I have tried "(?s)<disp-formula id="deqn\*">.*</disp-formula>" to find the required string, but it selects the first "<disp-formula id="deqn*"> to the last "</disp-formula>". But I want to capture all 18 occurrences present in a file, not everything from first start to last end tag. How to do that?

Mofi · Feb 14, 2016#62016-02-14T14:41+00:00

Use (?s)<disp-formula id="deqn\*">.*?</disp-formula> to change the matching behavior from greedy - as much characters as possible for a positive find - to non greedy - as less characters as possible for a positive find. The question mark after multiplier * or + is most often needed on Perl regular expression searches.

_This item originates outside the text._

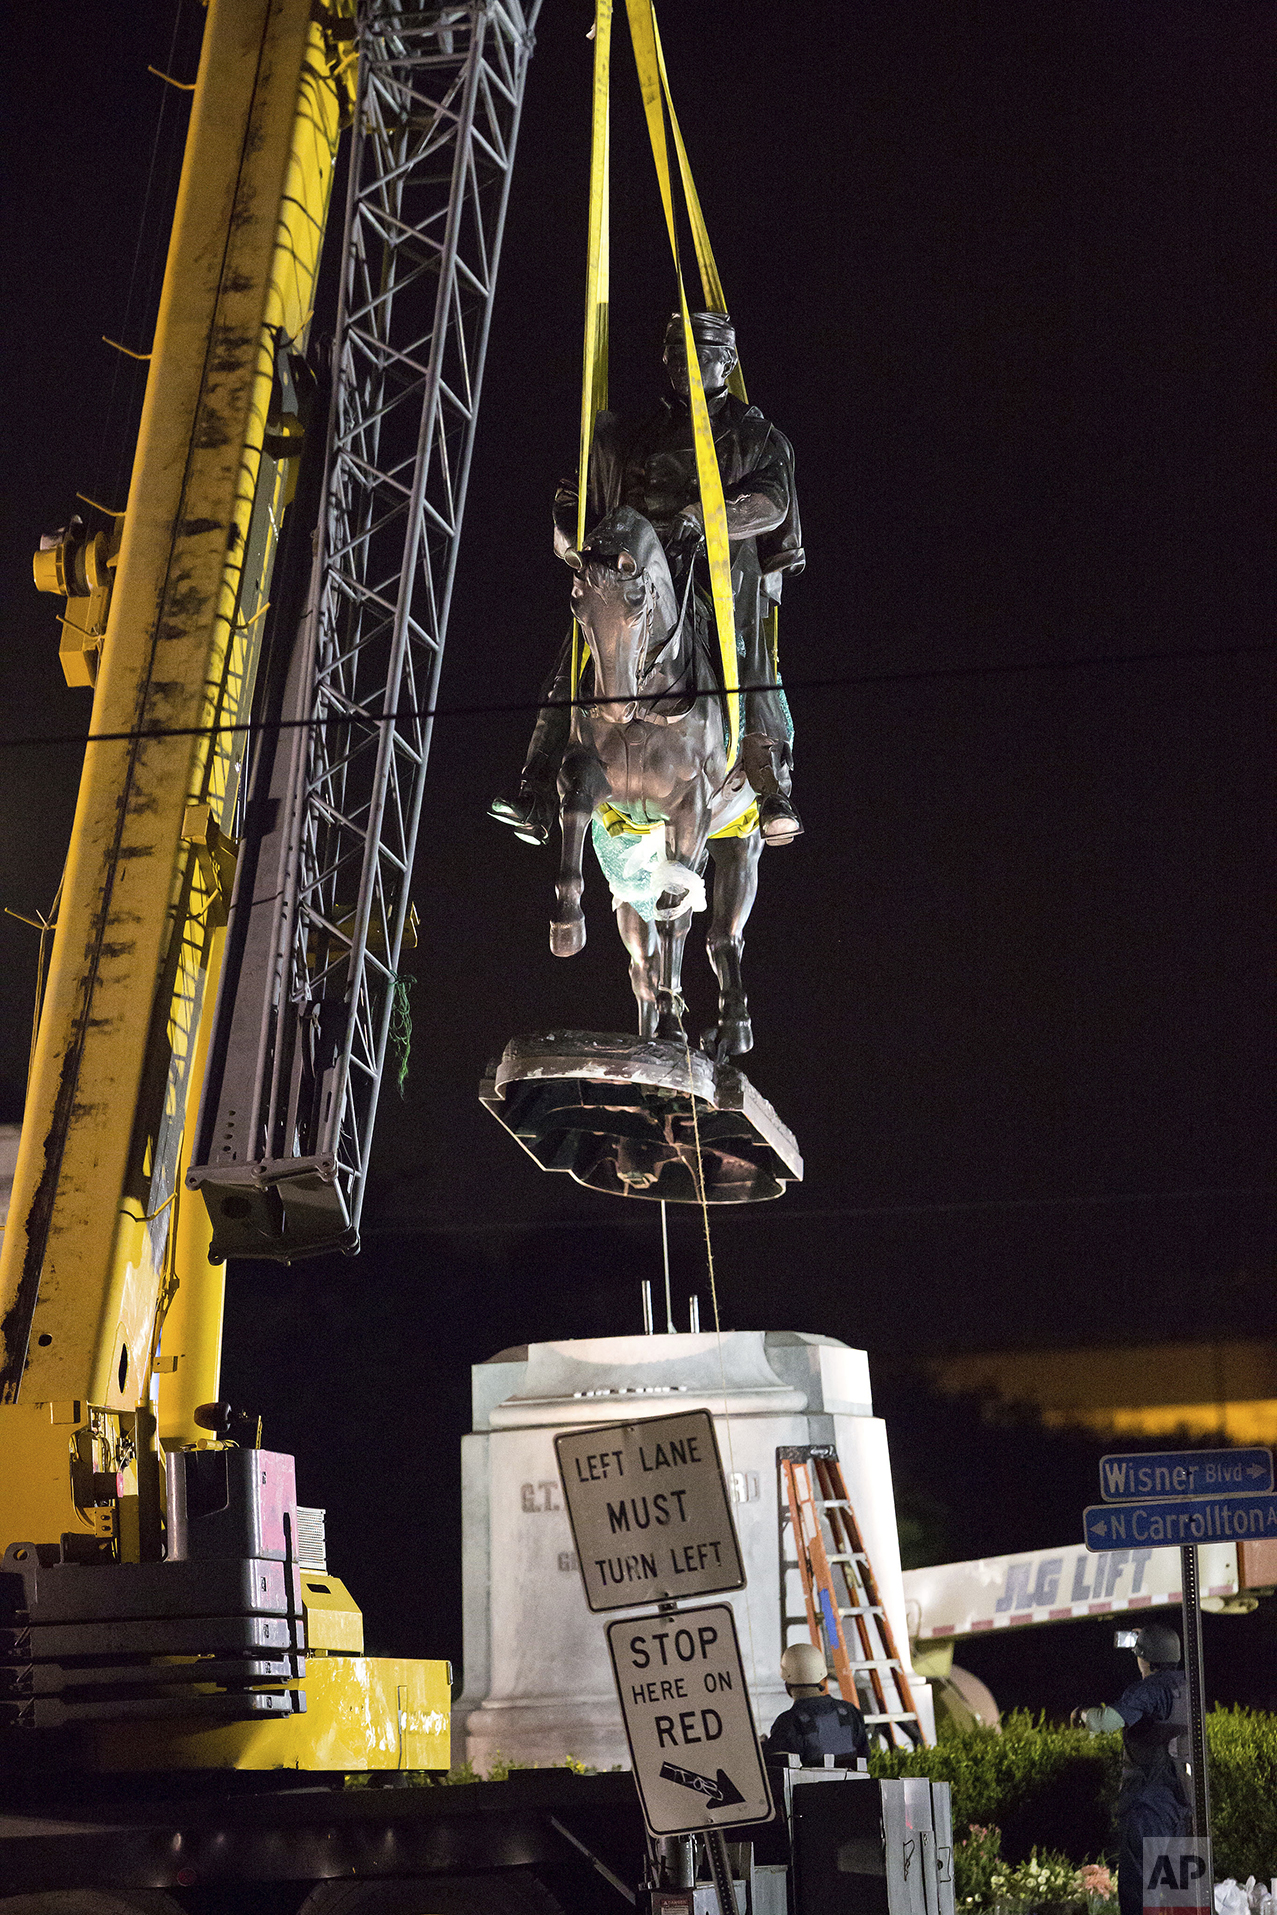  A statue of Confederate Gen. P.G.T. Beauregard is removed from the entrance to City Park in New Orleans, just after 3 a.m. Wednesday, May 17, 2017. The removal of the statue comes after the city has already taken down a statue of Jefferson Davis, th

don_bradman · Feb 14, 2016#72016-02-14T15:03+00:00

First of all, thanks a ton for your help.

Now using "(?s)<disp-formula id="deqn\*">.*?</disp-formula>" I have created a macro to copy all strings matching the regex to a new file with of course using your macro template. But the strings "</disp-formula> and <disp-formula id="deqn*>" are appearing as "</disp-formula><disp-formula id="deqn*>" in the new file, whereas I want every "<disp-formula id="deqn*>" to start in a new line. The found strings should be in new file listed as:

<disp-formula id="deqn*">...</disp-formula>
<disp-formula id="deqn*">...</disp-formula>
<disp-formula id="deqn*">...</disp-formula>

The macro is given below:

Code: Select all

InsertMode
ColumnModeOff
HexOff
PerlReOn
Top
Clipboard 9
ClearClipboard
Loop 0
Find RegExp "(?s)<disp-formula id="deqn\*">.*?</disp-formula>"
IfFound
CopyAppend
Else
ExitLoop
EndIf
EndLoop
NewFile
Paste
Top
Find RegExp "(<disp-formula id="deqn\*">.*?</disp-formula>)"
Replace All "\1\r\n"
ClearClipboard
Clipboard 0

Could you please point out the reason why problem I mentioned above is occurring?

Mofi · Feb 15, 2016#82016-02-15T05:49+00:00

The Find+Replace All executed on new file is:

Code: Select all

Find RegExp "(<disp-formula id="deqn\*">.*?</disp-formula>)"
Replace All "\1\r\n"

The search string does not start with (?s) as search string to find the elements with their multiline values. Therefore this Find+Replace All can't find any string in the new file resulting in inserting no carriage return + line-feed.

I suggest to use as Find+Replace All:

Code: Select all

Find "</disp-formula>"
Replace All "</disp-formula>^p"

This is a simple non regular expression Find+Replace All inserting a DOS line termination after each end tag. Or perhaps better:

Code: Select all

Find "</disp-formula>"
Replace All "</disp-formula>^p^p"

Inserting two DOS line terminations after each end tag makes it easier to see where each disp-formula element starts and ends.

don_bradman · Feb 15, 2016#92016-02-15T09:58+00:00

What if I use

Code: Select all

Find RegExp "(?s)(<disp-formula id="deqn\*">.*?</disp-formula>)"
Replace All "\1\r\n"

instead of

Code: Select all

Find RegExp "(<disp-formula id="deqn\*">.*?</disp-formula>)"
Replace All "\1\r\n"

Will the macro work properly then? Or will there be any modification on the files?
As you might have known by now that I have very little knowledge of Perl regex.

Mofi · Feb 15, 2016#102016-02-15T17:36+00:00

That would of course also work as it can be found out by a simple trial. It is just a little bit slower for inserting a DOS line termination after each end tag because of a more complex search in comparison to the non regular expression replace all suggested by me. But the result would be the same.